Republican commentators have even been saying that McCain's latest personal 'attacks' have gone too far.

But of course you, like me, will only see fault in the other.

Narrator, you're right we tend to miss our own biases but observe those of others. But we hold journalists to a higher standard (and journalists hold themselves to a higher standard). That's why there are editorial pages -- that's where journalists and other invited guests express their editorial opinions about the news. The rest of the paper is supposed to be objective and factual, or if commentary is added it is supposed to be balanced.

Attorneys who violate their code of ethics are censured or disbarred. What happens to journalists who violate their own code of ethics? Anything?

Here's another commentary on this whole topic, from Get Religion: "Newsweek--RIP." GR is one of the few sites where journalists critique other journalists. So it's not just Dave the Disgruntled Reader that is seeing this, it is fellow journalists.


so then do you agree or disagree that the content of the negative ads from McCain are substantially different than the content of Obama's negative ads?


I agree that there is an imbalance of the use of the word 'attack', thought not to the degree you seem to say that it is.

However, I think your claims about the motivation for the media doing so is false. It is not because of some love for Obama, but because it is the McCain campaign that has defined the use of 'attack' by the content of their negative ads as well as openly acknowledging that they are "going on the attack" and 'taking of their gloves.' Just yesterday McCain announced that he is going to "kick Obama's you-know-what." With this rhetoric, of course McCain is going to be categorized as going attacking more than Obama.


Re.
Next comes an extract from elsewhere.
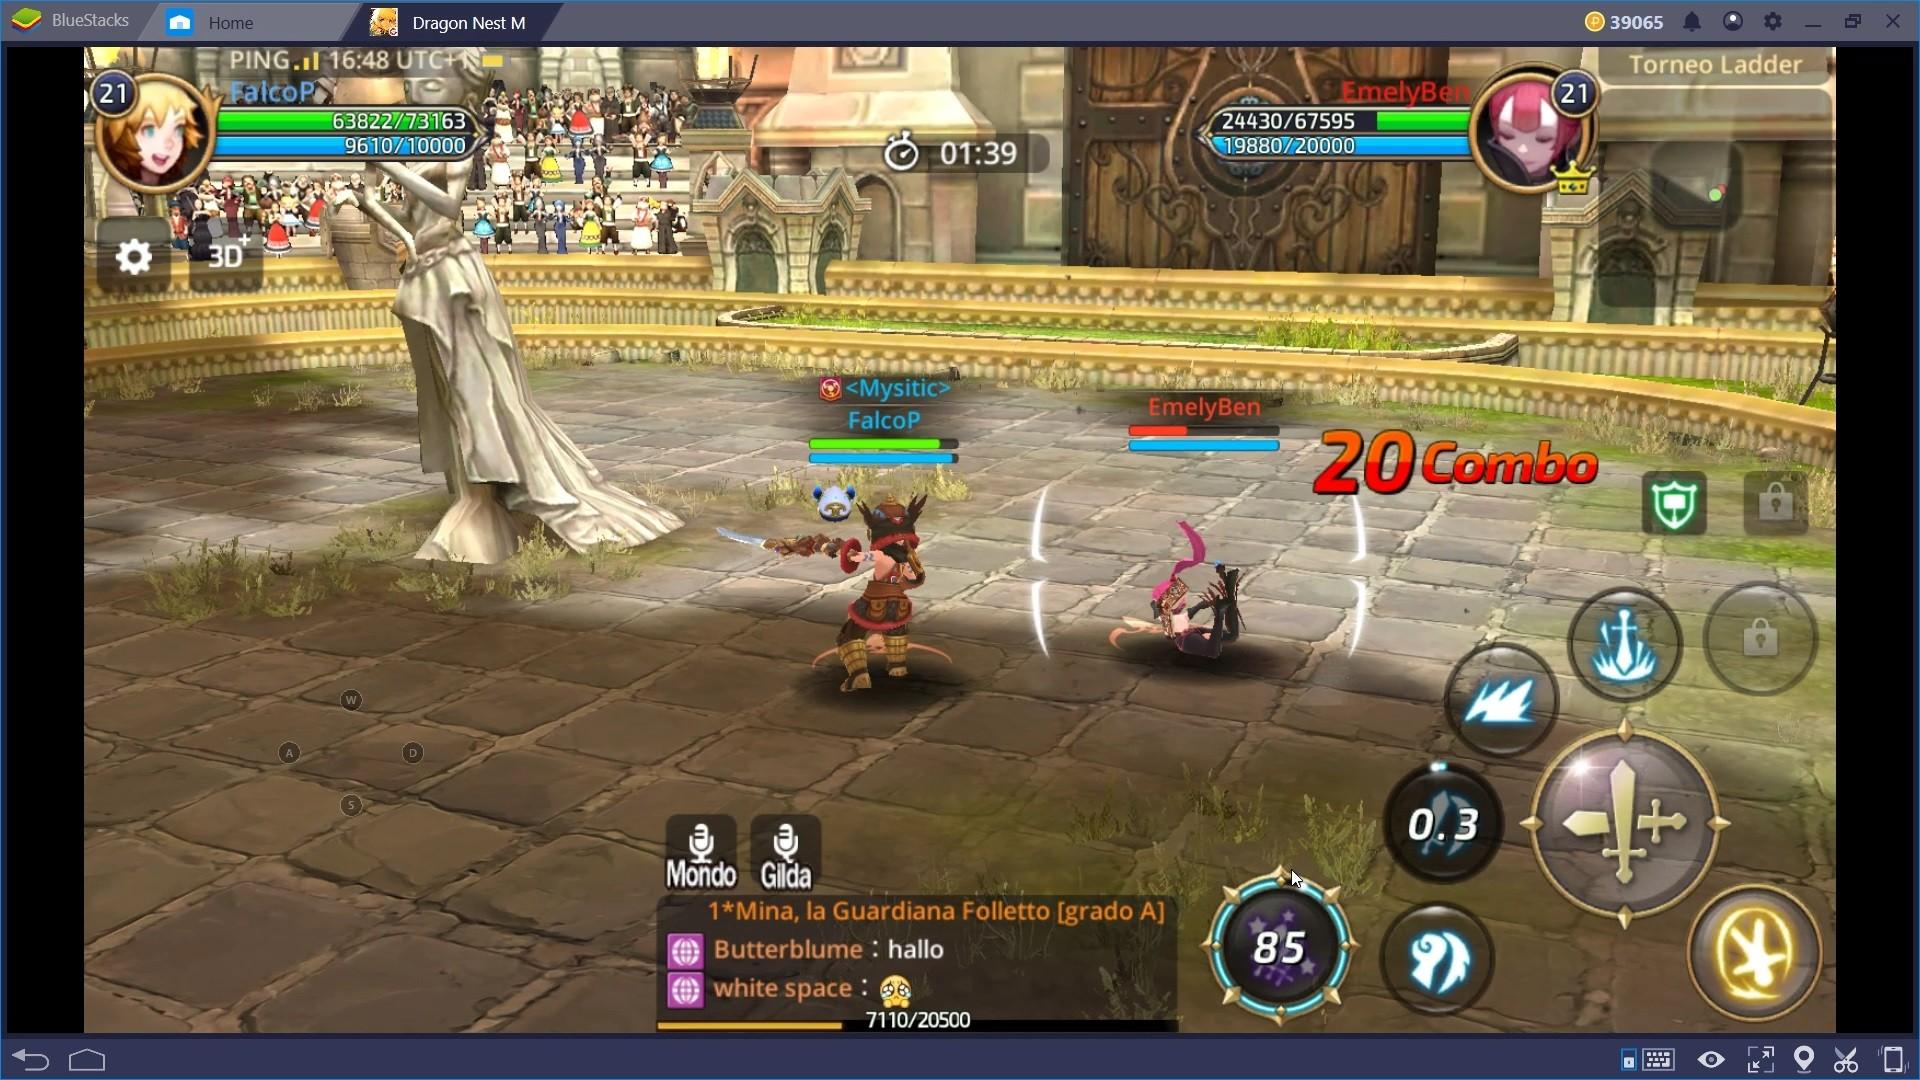 Dragon Nest M: Combattere nel PvE e PvP

Palin's religious beliefs, I'm curious about your taken on this widely-reported story:

Soon after Sarah Palin was elected mayor of the foothill town of Wasilla, Alaska, she startled a local music teacher by insisting in casual conversation that men and dinosaurs coexisted on an Earth created 6,000 years ago -- about 65 million years after scientists say most dinosaurs became extinct -- the teacher said.
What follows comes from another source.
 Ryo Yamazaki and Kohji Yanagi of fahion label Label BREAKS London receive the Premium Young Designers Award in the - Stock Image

Mike, I think she's wrong, another unfortunate victim of Young Earth Creationism.


so then do you agree or disagree that the content of the negative ads from McCain are substantially different than the content of Obama's negative ads? Or that the McCain campaign has been promoting the use of 'attack' by openly acknowledging that they are "going on the attack," "taking off their gloves," and "going to kick Obama's you-know-what"?
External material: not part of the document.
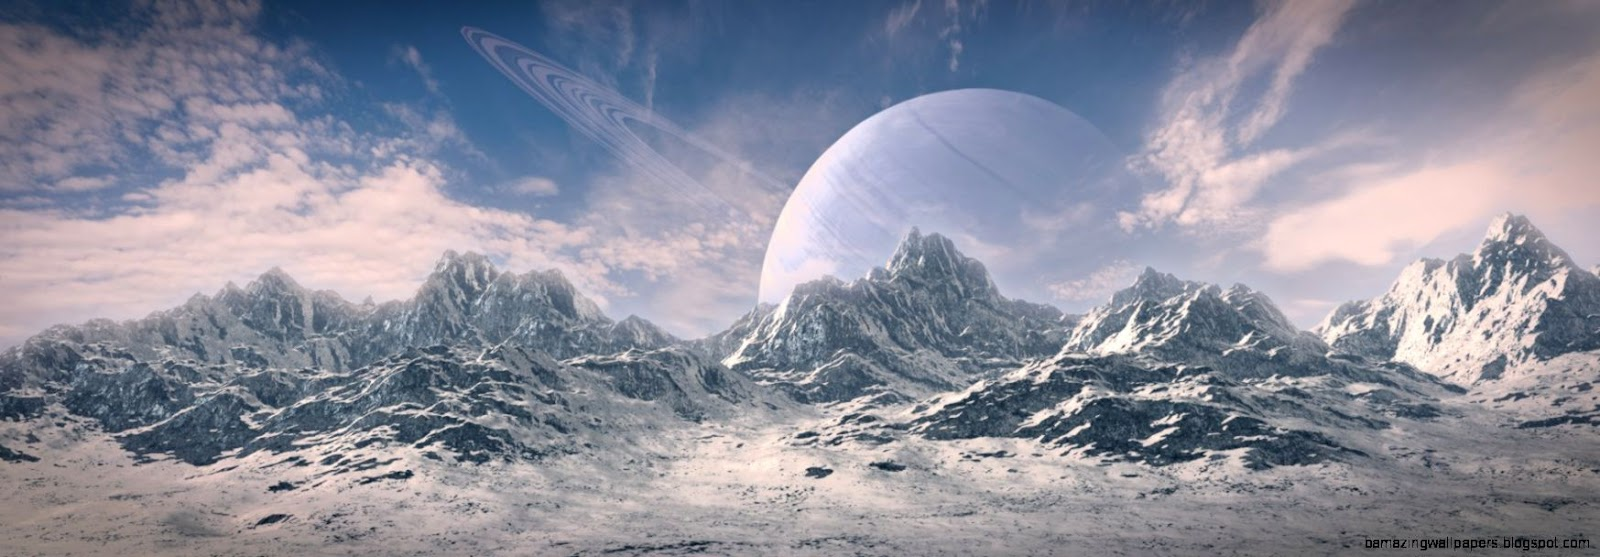 Alien Landscape Amazing Wallpapers

Of course the content of their ads is different -- Obama has a lead in the polls and is running against a weak incumbent (Bush) and a senator with a long record (McCain). McCain is running against a senator with little or no record (Obama).

But no, I don't think any difference in the content of the campaign content justifies the press in labelling McCain's critiques of Obama's proposals and past actions "attacks" while describing Obama's critiques of McCain's proposals and past actions in softer terms.

Here's one from US News and World Report regarding a debate. It's mainstream, if considered conservative. It features both McCain attacking Obama and Obama attacking McCain.


Here's another, buried in a story regarding McCain attacking Obama.


Here's a third that uses the language, even though it is primarily a story of McCain attacking Obama:


I think you are raising a good point, Dave. I agree with Mark, though, that it is probably laziness, not ideology, that is driving this. Both candidates have a media persona, both media-imposed and self-generated. The reporters are just buying into this popular narrative as short hand so they don't have to explain as much in their writing. McCain has a reputation, fairly or unfairly, of being angry, aggressive, and impulsive in a way that Obama does not. So the attack language comes naturally.

I do find it interesting that the "Obama attacked McCain" phrase only appears in stories about McCain attacking Obama. There might be a case for ideology here (wanting to show that Obama is no wimp), but I am inclined to believe that it is just lazy reporting again. It may only occur to reporters to call an Obama attack an attack in that context.